Source material
= Beginning of Section =

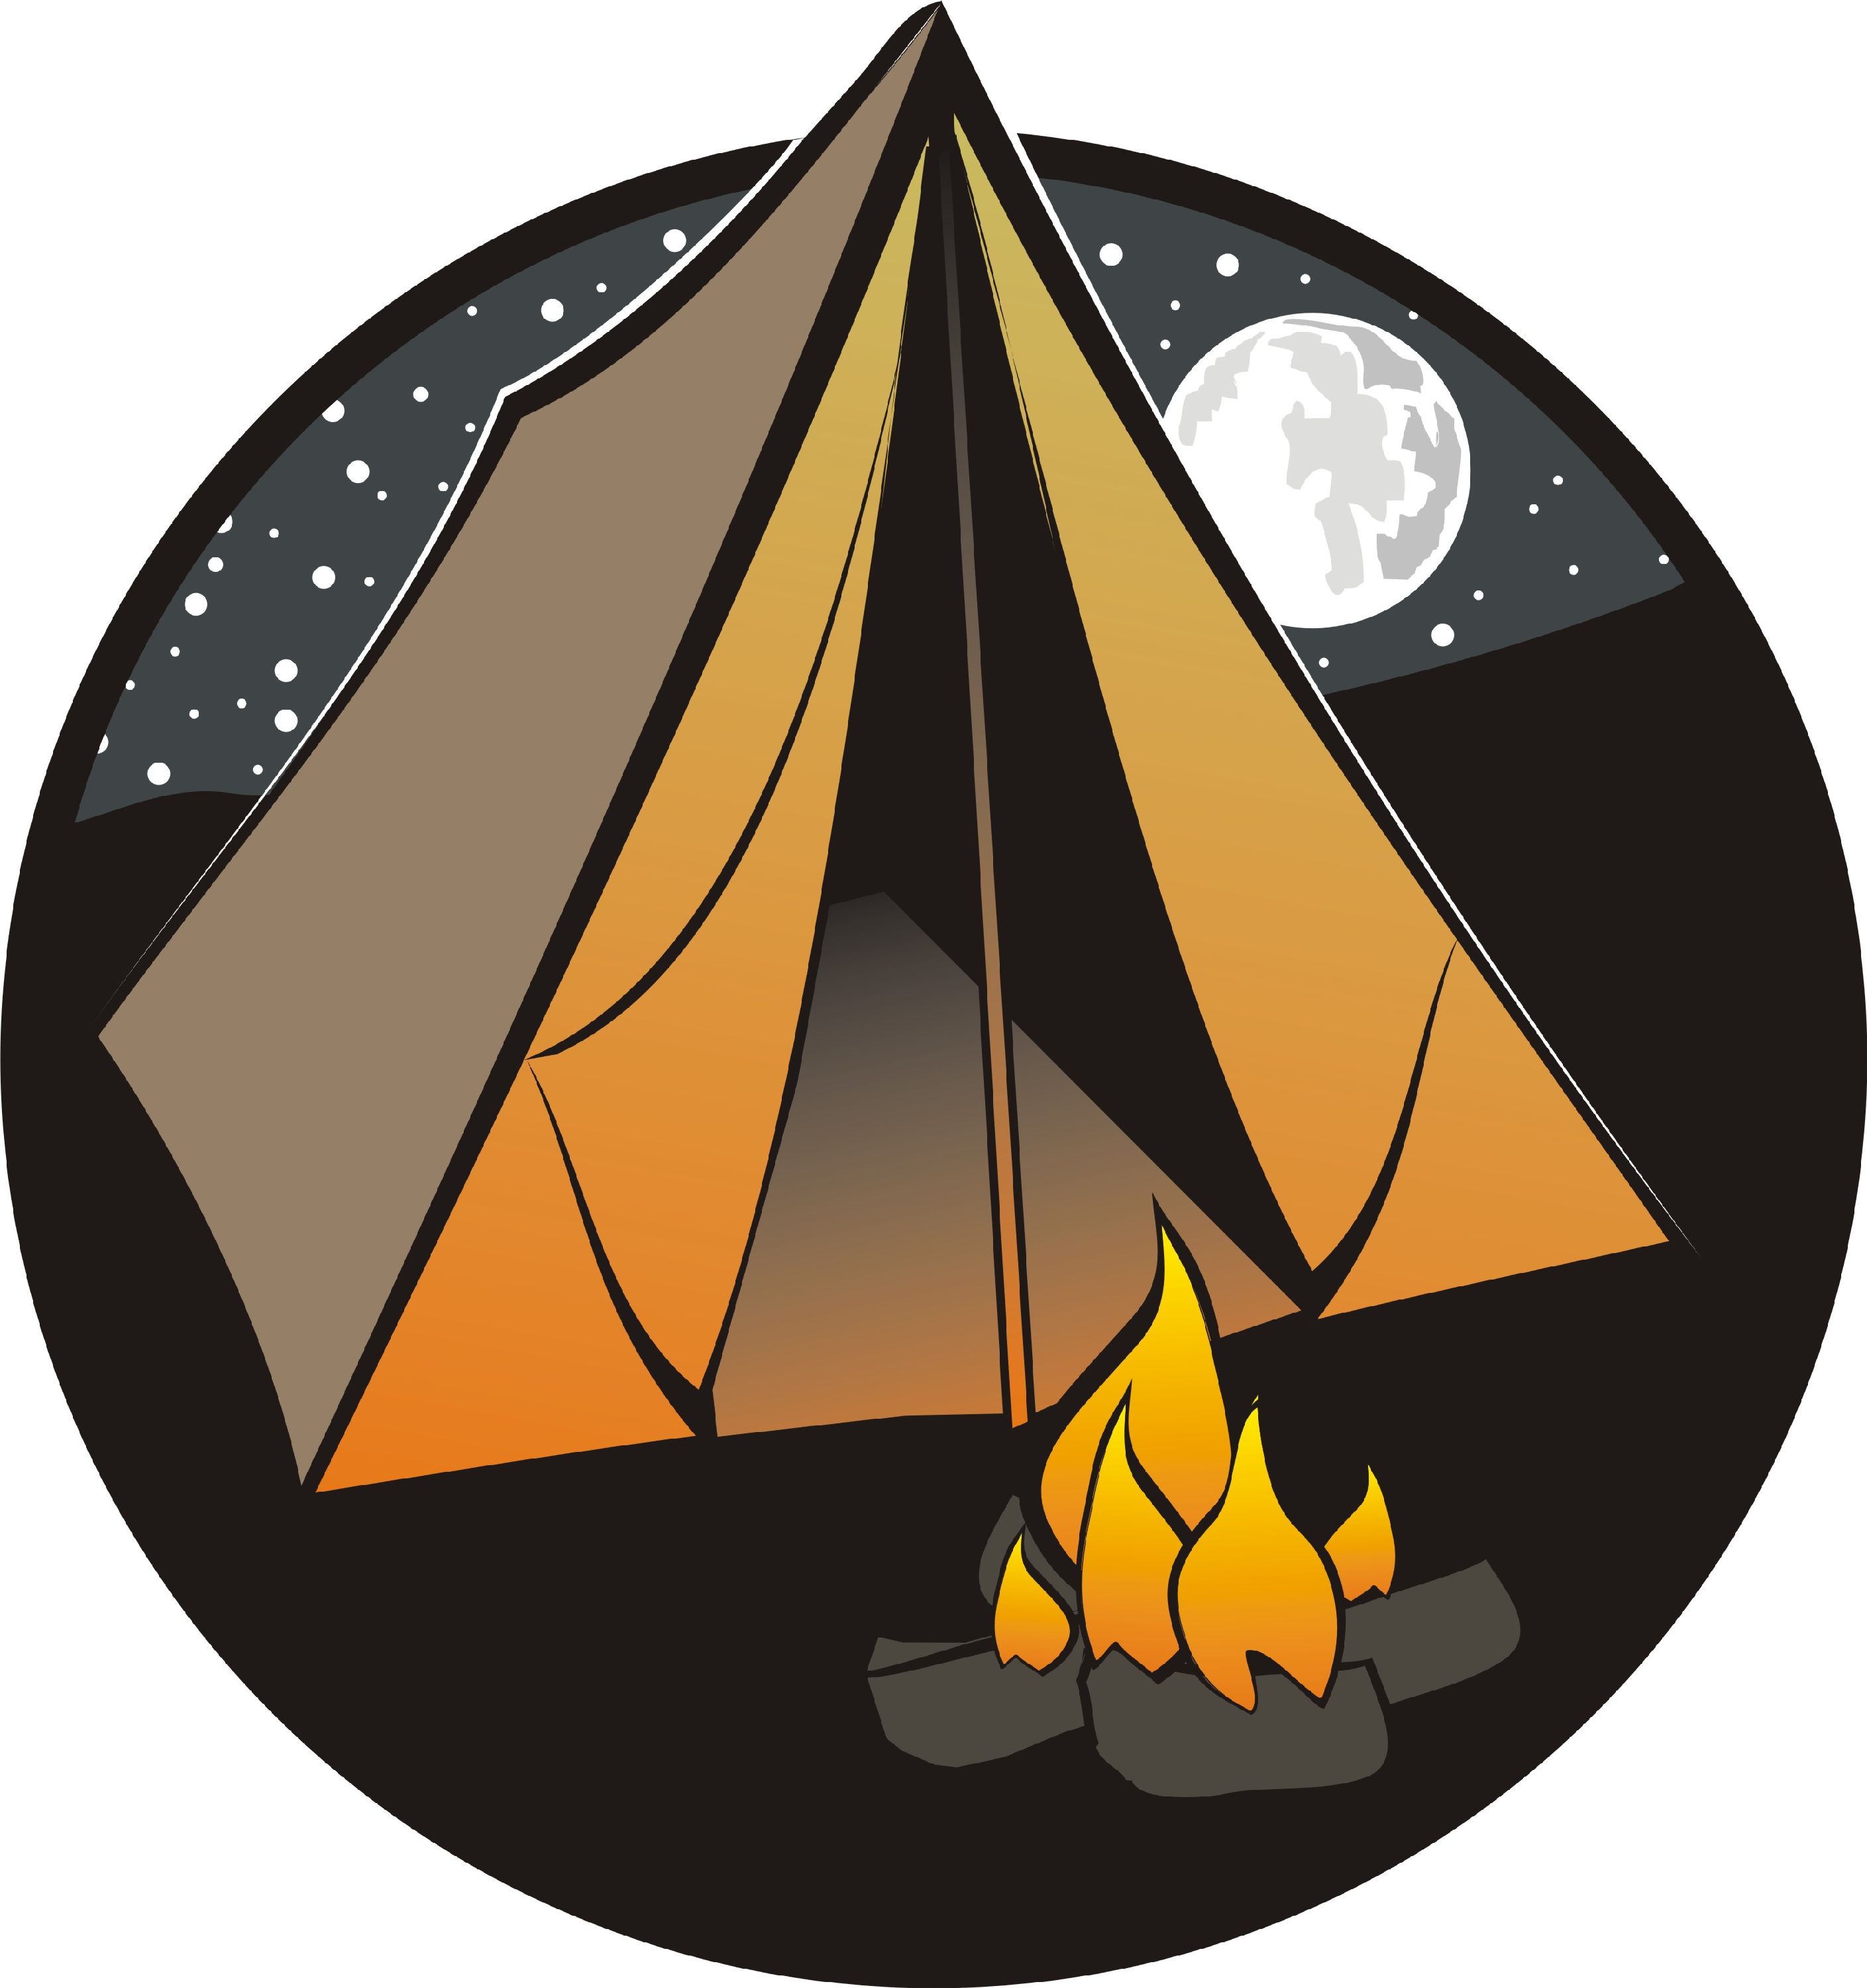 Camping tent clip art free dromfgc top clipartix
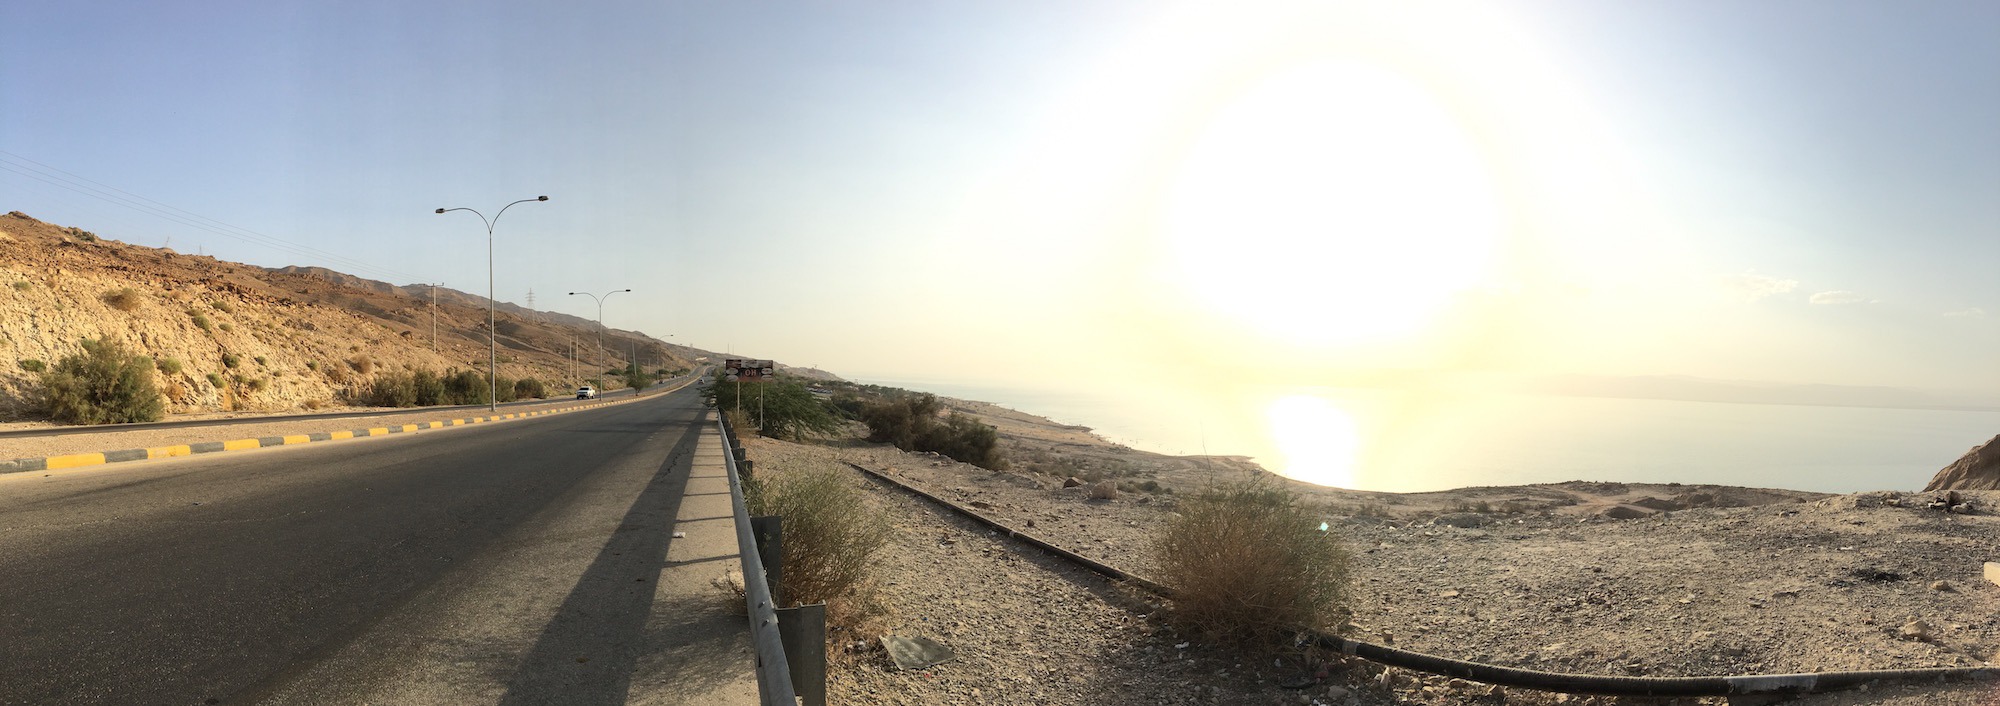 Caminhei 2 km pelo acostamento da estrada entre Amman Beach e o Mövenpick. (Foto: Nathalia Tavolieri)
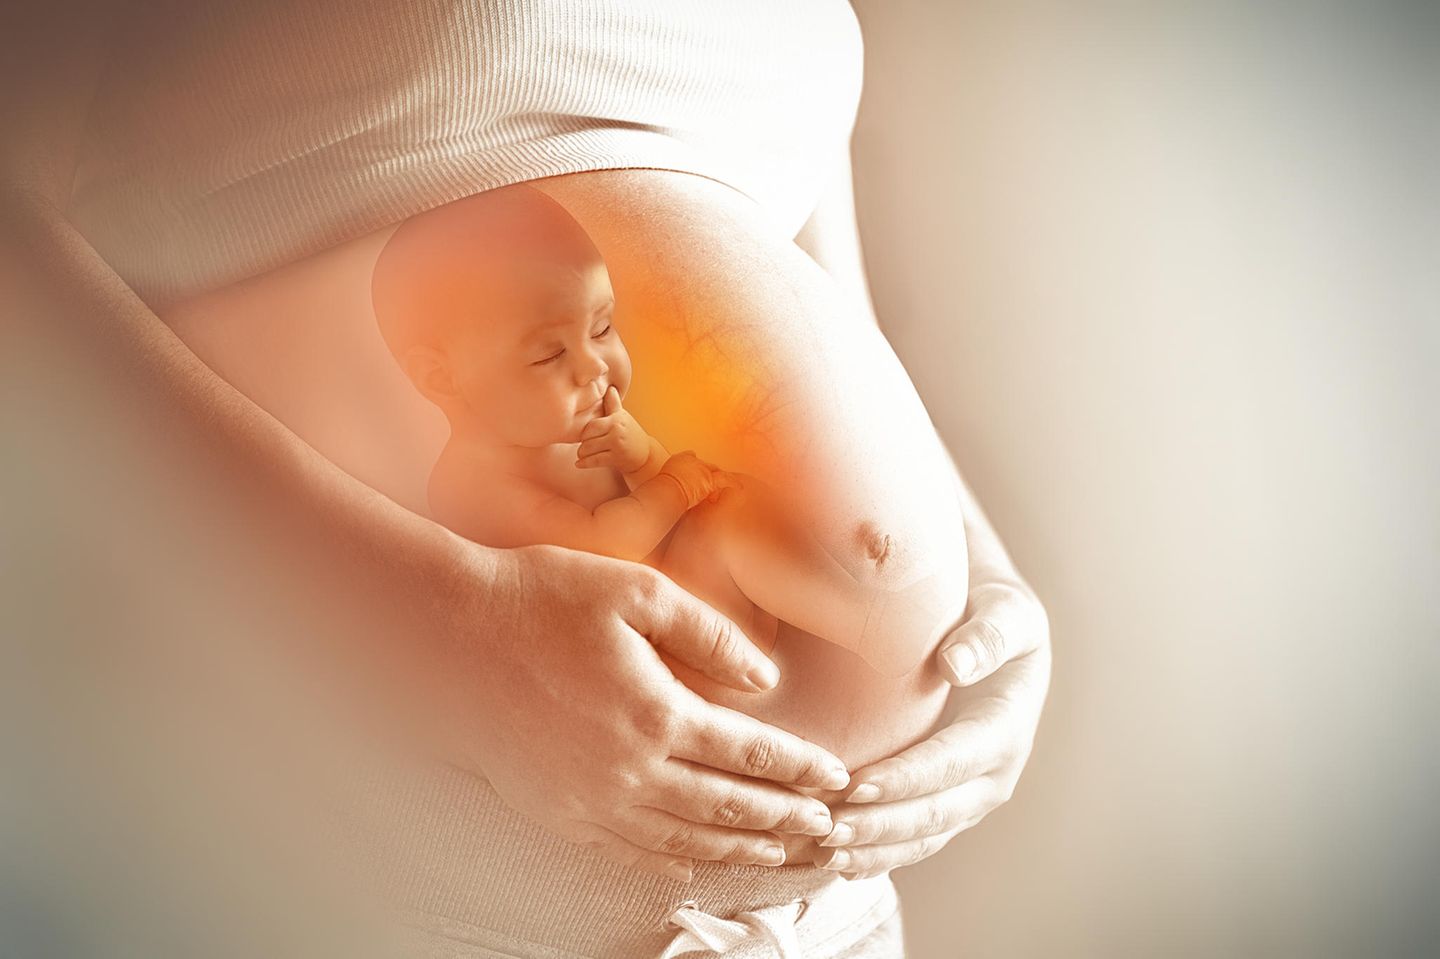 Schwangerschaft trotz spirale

= End of Section =

Brief
Write out the whole listing exactly, with no pictures.

Written answer
 Camping tent clip art free dromfgc top clipartix
 Caminhei 2 km pelo acostamento da estrada entre Amman Beach e o Mövenpick. (Foto: Nathalia Tavolieri)
 Schwangerschaft trotz spirale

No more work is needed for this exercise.